Are you still picking the Dallas area for purchasing properties?

21 Replies

Hello BP, looking for an out-of-state area to invest in and have done some research in the surrounding areas of Dallas. Wanted to see if you are still choosing this area to invest in, why or why not?  Thanks!

Yes yes yes, though it depends on the area and what your goals are. IMHO, if you're going for the long game in the nicer areas, don't expect a lot of cash flow on rentals. The math just isn't there in the nicer neighborhoods. It's appreciation that will be where it's really at. I live in a fairly typical middle class neighborhood. I've seen several houses sit there with for rent signs literally for up to 4 months! These are houses that likely rent for $1,700 - $2,000 per month. That's not our target market. And seeing how long these houses sit empty, I'm glad it's not. 

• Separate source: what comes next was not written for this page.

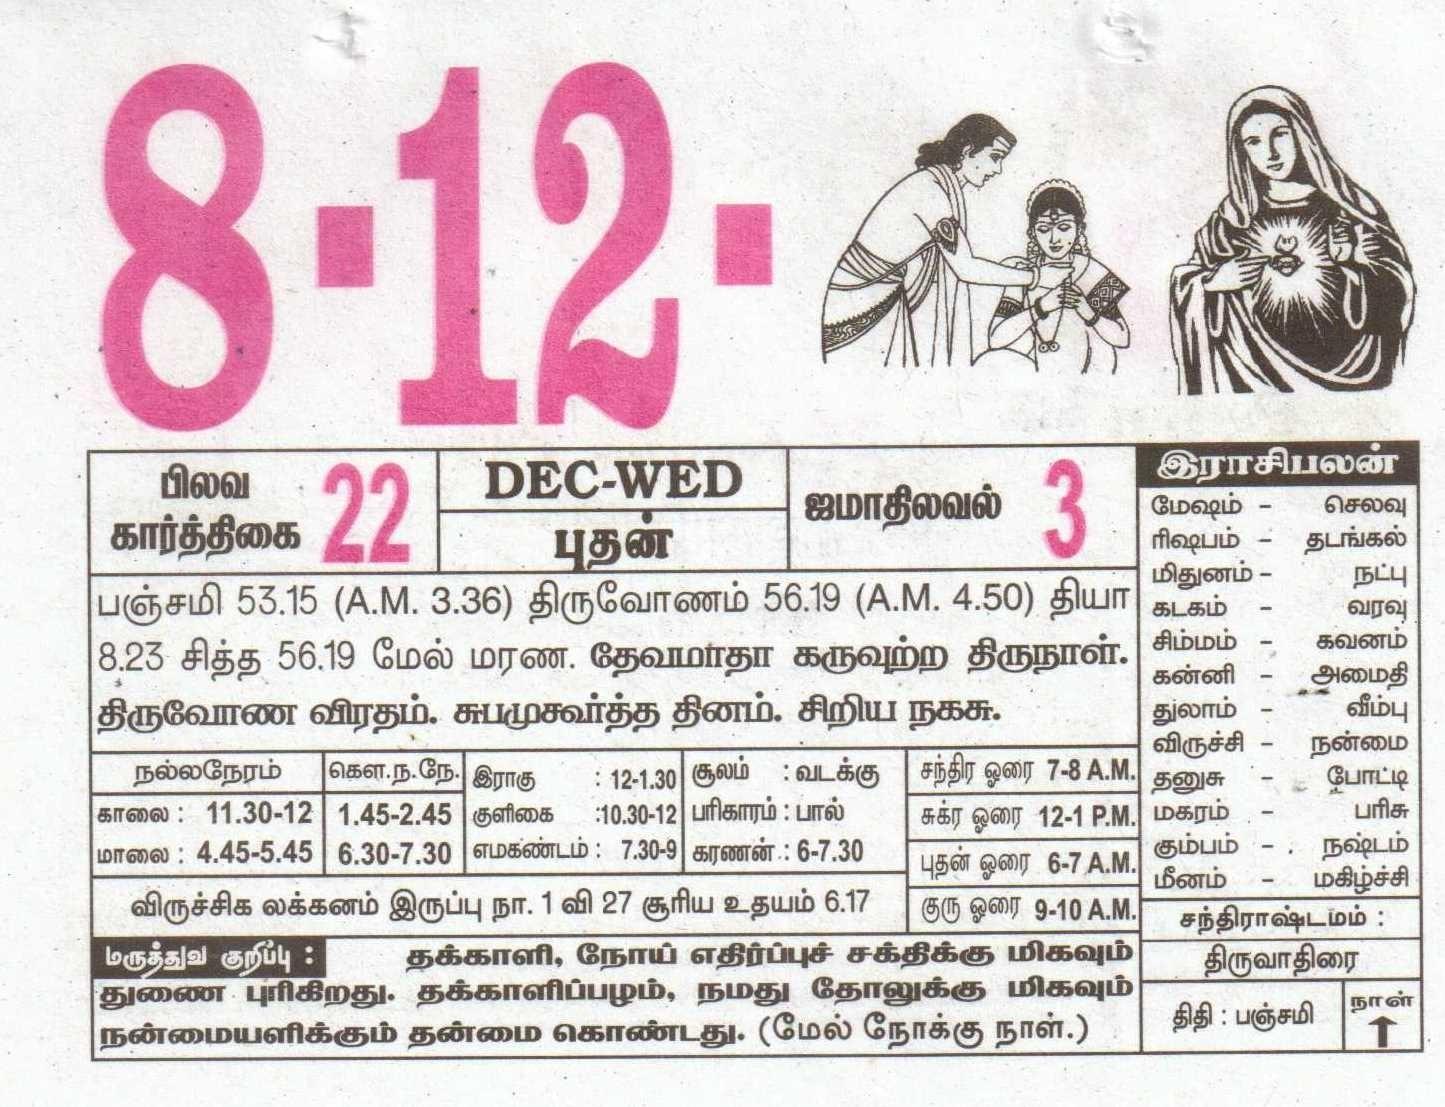 08-12-2021 Daily Calendar | Date 08 , January Daily Tear Off Calendar | Daily Panchangam Rasi Palan August 2021 Tamil Daily Calendar

Now.... as always, it depends on what kind of neighborhoods you invest in. We are very pleased with the cash flow in our working class neighborhood rentals.  I am certainly no expert, but DFW right now reminds me of Orange County and other parts of SoCal during the 80s. The economy is booming. There is a labor shortage for new construction. Plenty of businesses are moving into the area. I think there is plenty of room for a lot more appreciation.

An anecdote on this: I spoke to a gentleman who works for Toyota. He sold his old, beat up, 1,300 s.f. house in Whittier CA for around $440,000 to a contractor. He moved to Prosper where about the same amount of money got him a beautiful 2,800 s.f. home. And the reason I met him? He was buying a car elevator because his fourth car wouldn't fit in the 3-car garage.

I believe we will absolutely see a bubble form in the DFW area. Right now, it's good, healthy economic growth. I think the signs will be there when the silly season starts.

We have properties in three DFW counties. I am constantly watching property values and waiting to hit the SELL button. I don't think we're close to being there. But of course, that's the million dollar question as always. Is it too late to get in? When should I sell? I can tell you this. I'm not selling anything now, nor do I plan to in the foreseeable future. If anything, I'd like to squeeze one more small project out on an empty lot we have.

All this said, I say this from my little bubble of properties we own, haven't bought anything in a year and half, though do searches and have alerts on properties that meet our parameters. I am anxious to hear the input of other DFWers.

@Travis Howser What are your goals? Are you looking for cash flow? Appreciation? Turnkey? Set up a team and find/rehab off market deals?

In my opinion, if you are looking for a turnkey investment there are much better places to go than Dallas for cash flow and minimal headache. If you are looking for a stable market with some upside potential for appreciation and you are willing to break even on cash flow (even if you are buying off market at 75-80% of value you are not going to see much cash flow in an area that has any chance of appreciation), then Dallas is still a good place to buy.

@Stan Hill @Andrew Herrig , I greatly appreciate your replies and information in the area. Since I am out of the area I would like to look into some turnkey properties and others that would need some rehab (build a small team) but enough that is manageable from a distance. #1 priority/goal for me is if that the property cash flows. @Andrew Herrig What other turnkey areas do you think are better suited than Dallas, would love to hear your opinion on that? @Stan Hill looks like you have made some good investments in the area in the past and hope that they continue to do well for you. Thanks again for the information guys!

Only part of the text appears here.